The following is a data export brought into R through a csv file transfer from a SQL Select Statement that brought together a person and a movie preferences tables.
movie_data <- read.table('/Users/Michele/Desktop/Movie_Data.csv', header = TRUE, sep = ",")
is.na(movie_data) <- movie_data == "NULL"
movie_data
## ID Age Favorite_Genre Get_Out Interstellar Mad_Max_Fury_Road Her X13th
## 1 1 22 Sci-Fi 5 5 3 3 5
## 2 2 21 Documentary 5 3 5 <NA> 5
## 3 3 22 Anime 5 3 5 4 5
## 4 4 22 Drama 3 5 <NA> <NA> 3
## 5 5 34 Comedy 3 4 5 5 <NA>
## Ex_Machina
## 1 <NA>
## 2 <NA>
## 3 <NA>
## 4 4
## 5 3
Age_Get_Out <- cor.test(movie_data$Age, movie_data$Get_Out, method = "pearson")
Age_Get_Out
##
## Pearson's product-moment correlation
##
## data: movie_data$Age and movie_data$Get_Out
## t = -1.4097, df = 3, p-value = 0.2534
## alternative hypothesis: true correlation is not equal to 0
## 95 percent confidence interval:
## -0.9721139 0.5665594
## sample estimates:
## cor
## -0.6312327
Age_Interstellar <- cor.test(movie_data$Age, movie_data$Interstellar, method = "pearson")
Age_Interstellar
##
## Pearson's product-moment correlation
##
## data: movie_data$Age and movie_data$Interstellar
## t = 0.078876, df = 3, p-value = 0.9421
## alternative hypothesis: true correlation is not equal to 0
## 95 percent confidence interval:
## -0.8717635 0.8919587
## sample estimates:
## cor
## 0.04549216
Person5 <- lm(X13th ~ Age + Get_Out, data=movie_data)

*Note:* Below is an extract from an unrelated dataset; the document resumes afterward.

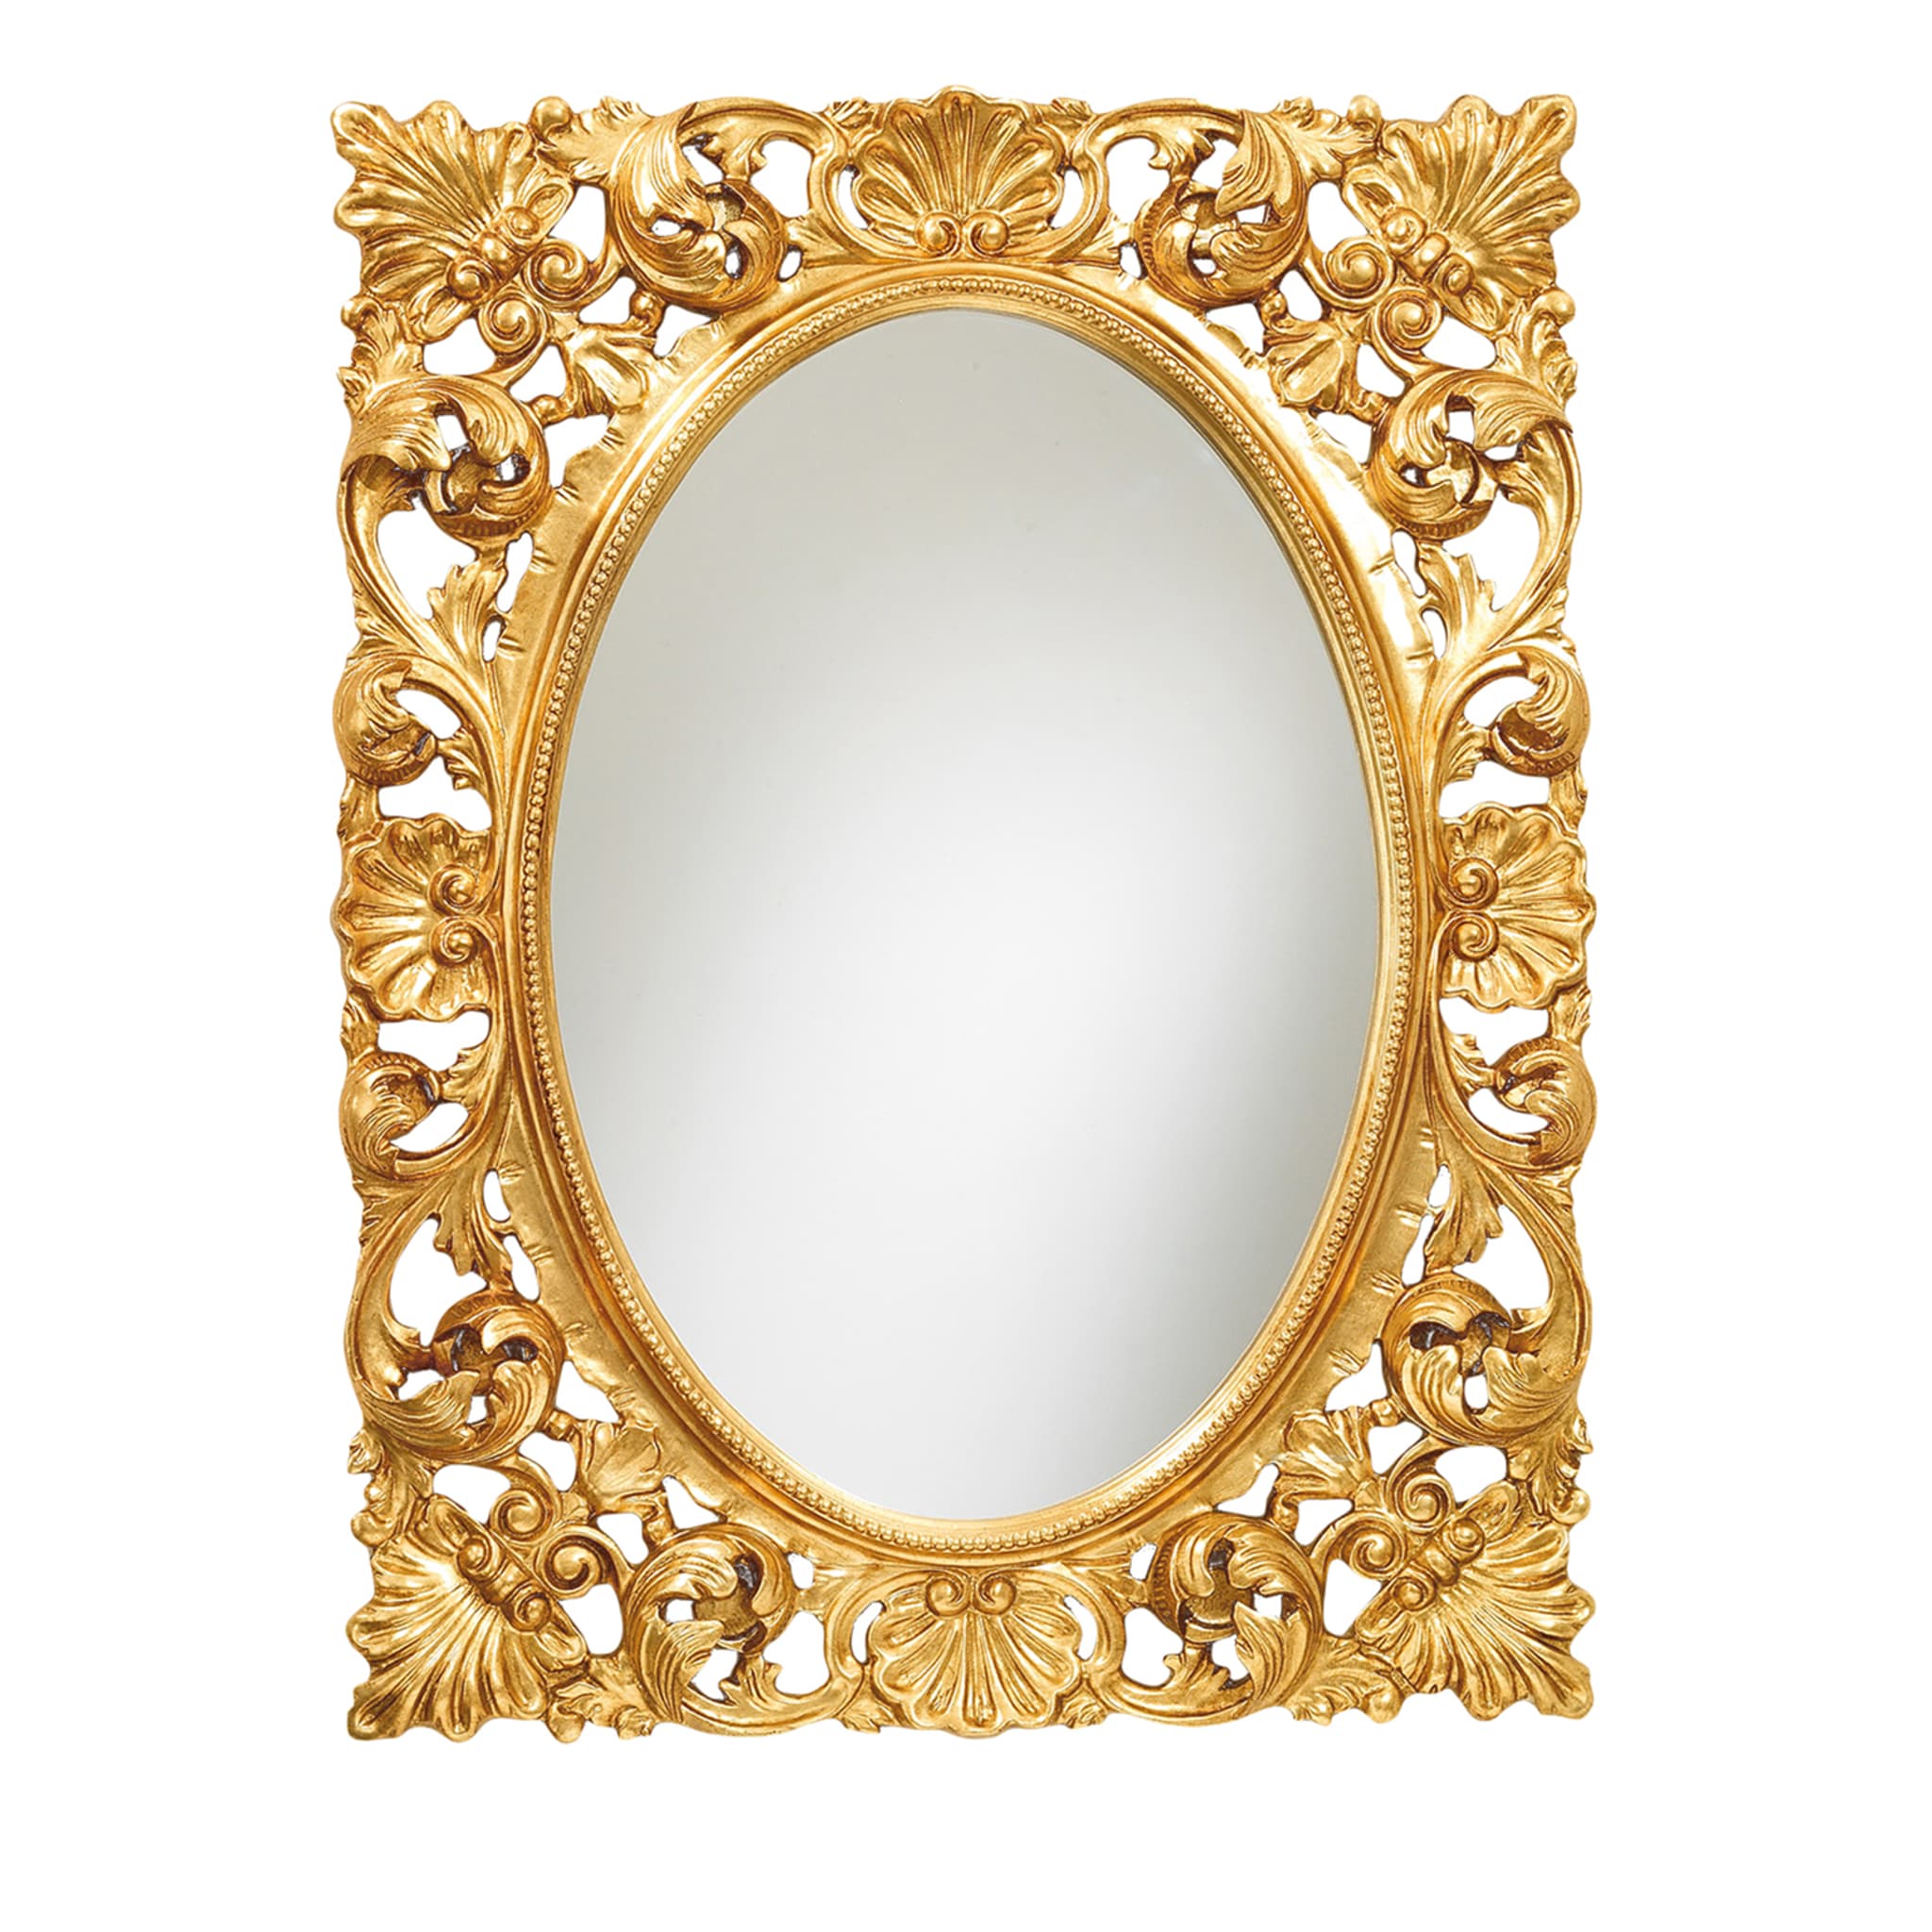 Artissimo Specchio da parete barocco, 57 x 33 cm, motivo: angelo, avorio oro,  cornice anticata, stile Art Nouveau, colore oro avorio 022 : :  Casa e cucina

## Warning in model.response(mf, "numeric"): using type = "numeric" with a
## factor response will be ignored
## Warning in Ops.factor(y, z$residuals): '-' not meaningful for factors
Person5
##
## Call:
## lm(formula = X13th ~ Age + Get_Out, data = movie_data)
##
## Coefficients:
## (Intercept) Age Get_Out
## -5.000e-01 -2.564e-16 5.000e-01
Person_5_13th_Rating = -.5 + (-.00000000000000256 * 34) + (.5 * 3)
Person_5_13th_Rating
## [1] 1
Using linear regression, person 5 would rate the documentary “13th” with a value of 1. Again, we take all of this analysis with caution, since there is not enough data in the dataset.